| Recorded data |
=-=-=-=-=

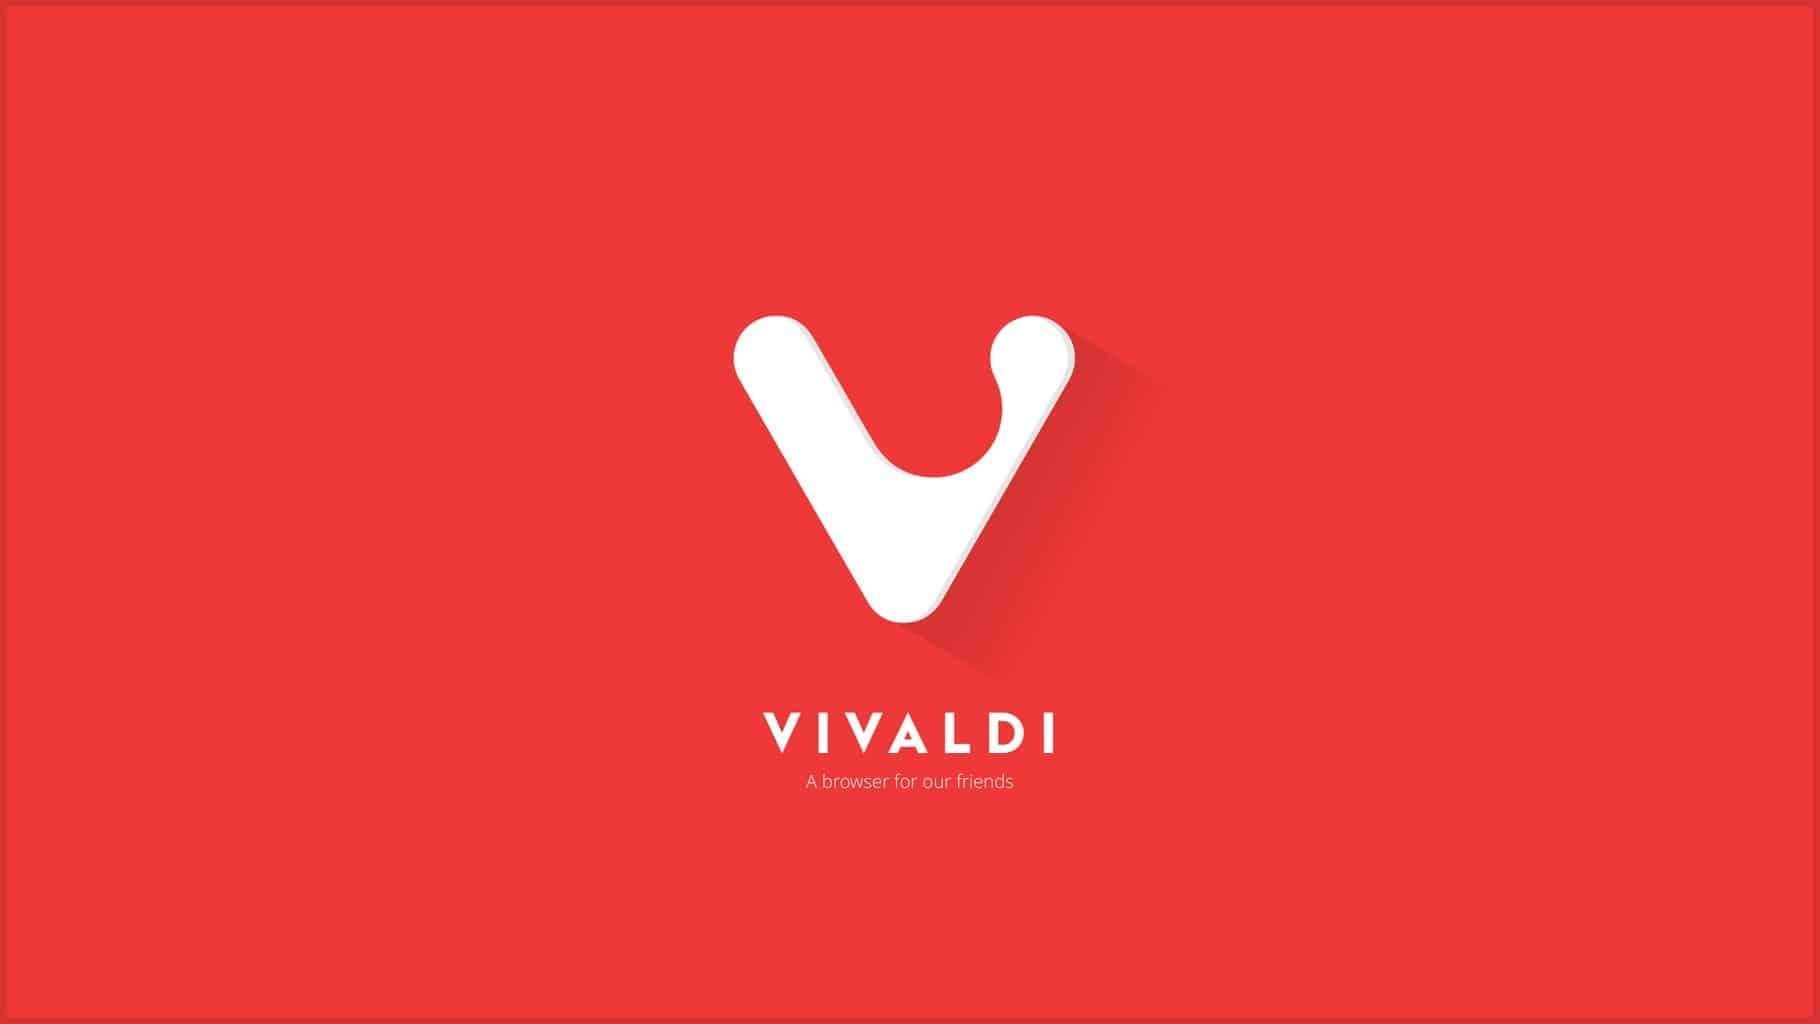 Vivaldi går sammen med DuckDuckGo for å beskytte brukernes personvern.
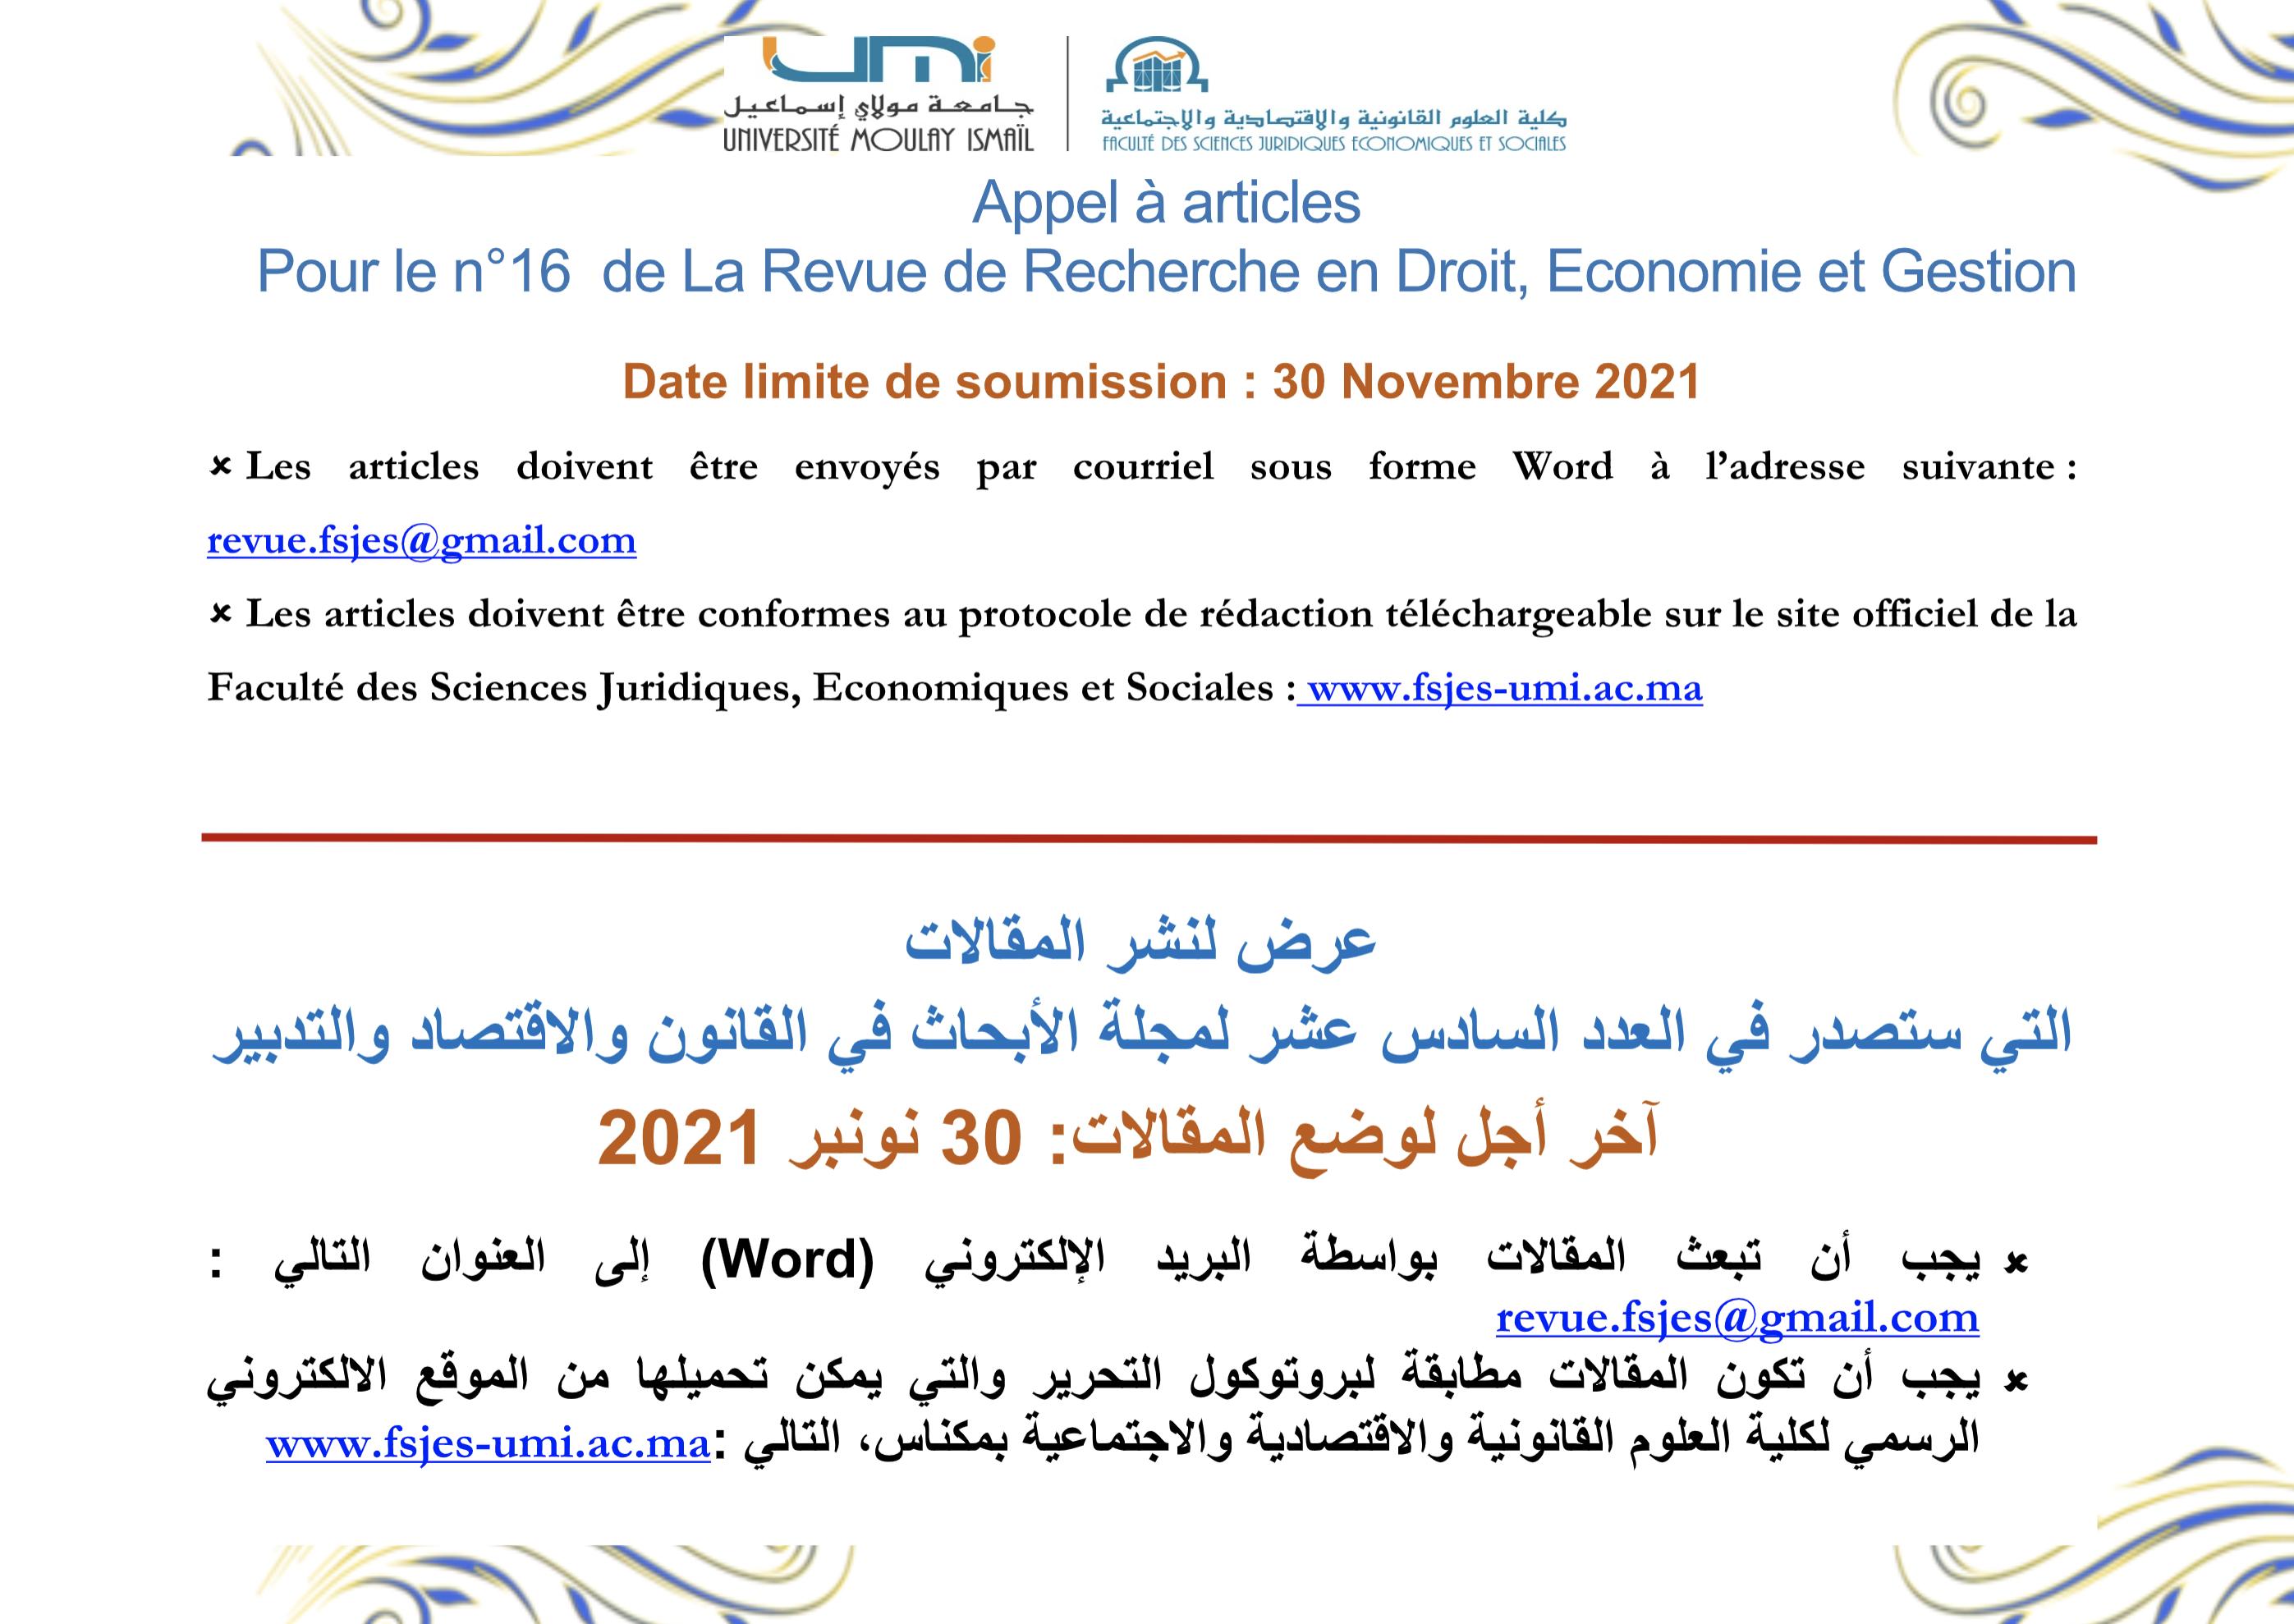 Appel à articles pour le n° 16 de la Revue de Recherche en Droit, Economie et Gestion
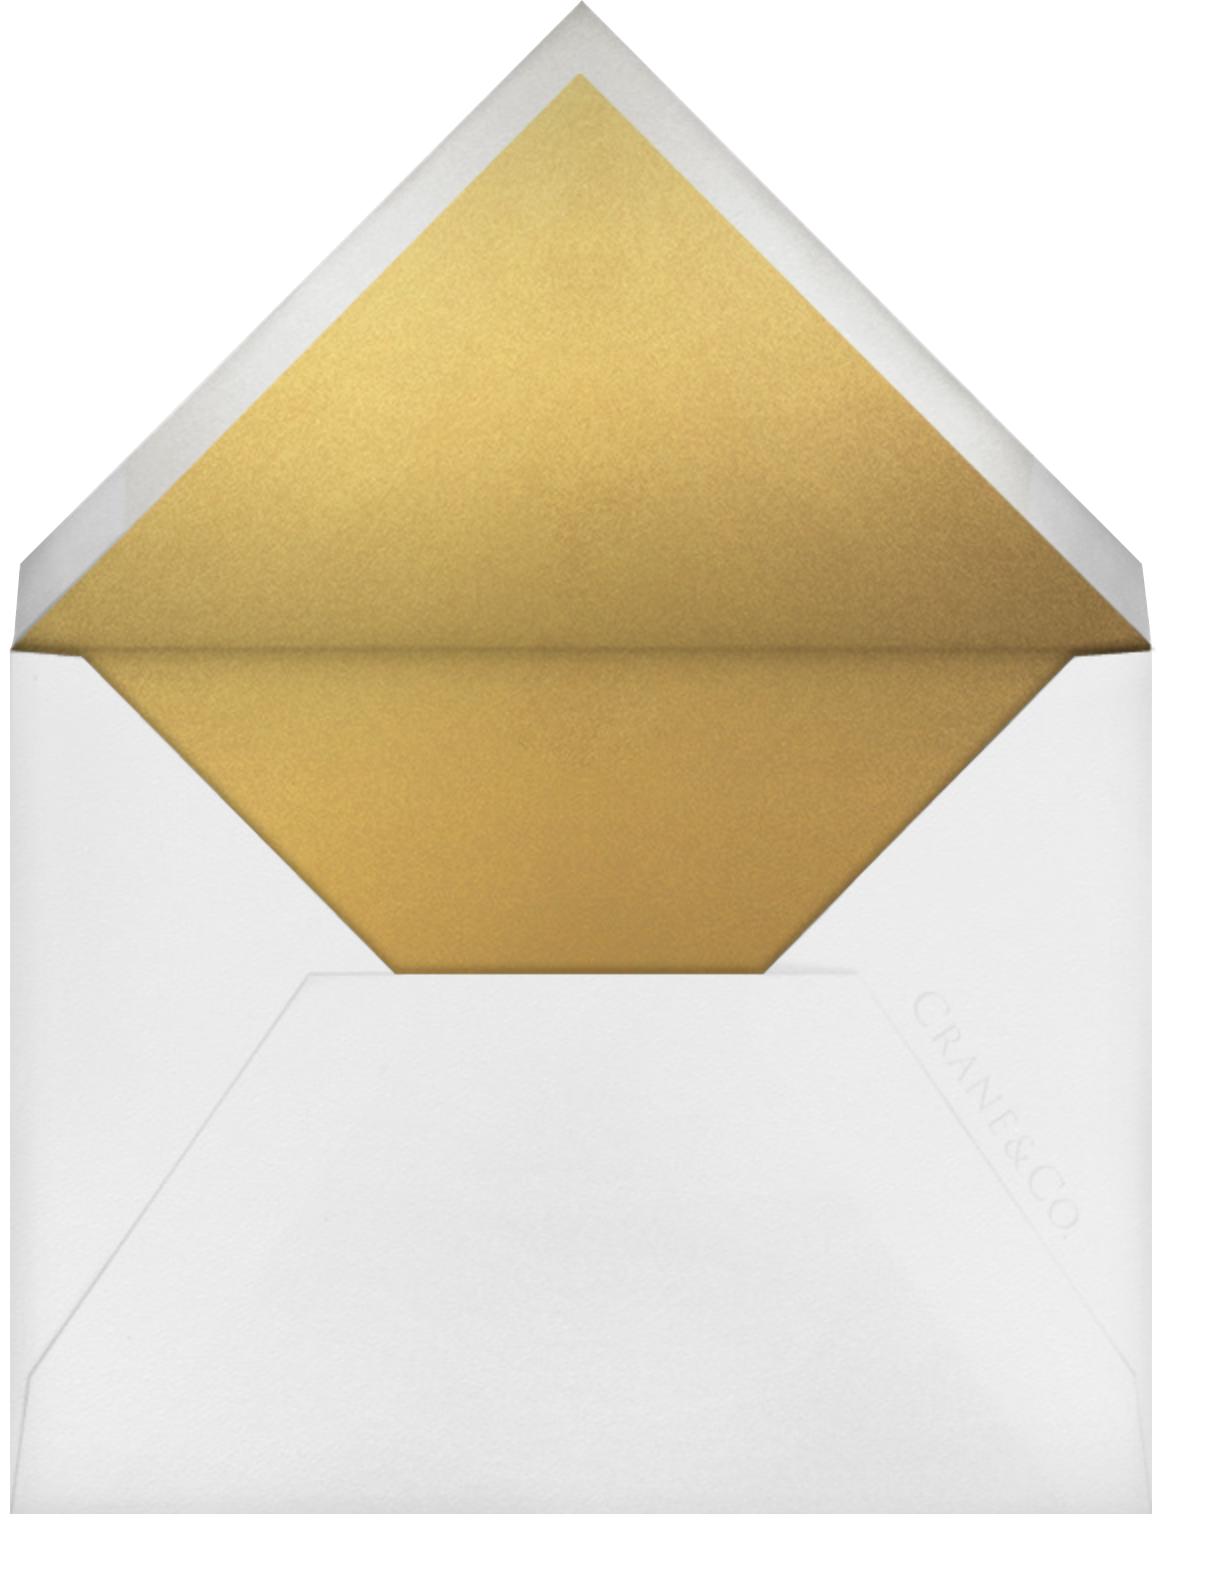 Bobbin I (Engagement) - Gold - Paperless Post - Holiday Favorites - envelope back

=-=-=-=-=

| Exercise description |
Leave the images aside and retype each line of the listing above exactly.

| Task answer |
 Vivaldi går sammen med DuckDuckGo for å beskytte brukernes personvern.
 Appel à articles pour le n° 16 de la Revue de Recherche en Droit, Economie et Gestion
 Bobbin I (Engagement) - Gold - Paperless Post - Holiday Favorites - envelope back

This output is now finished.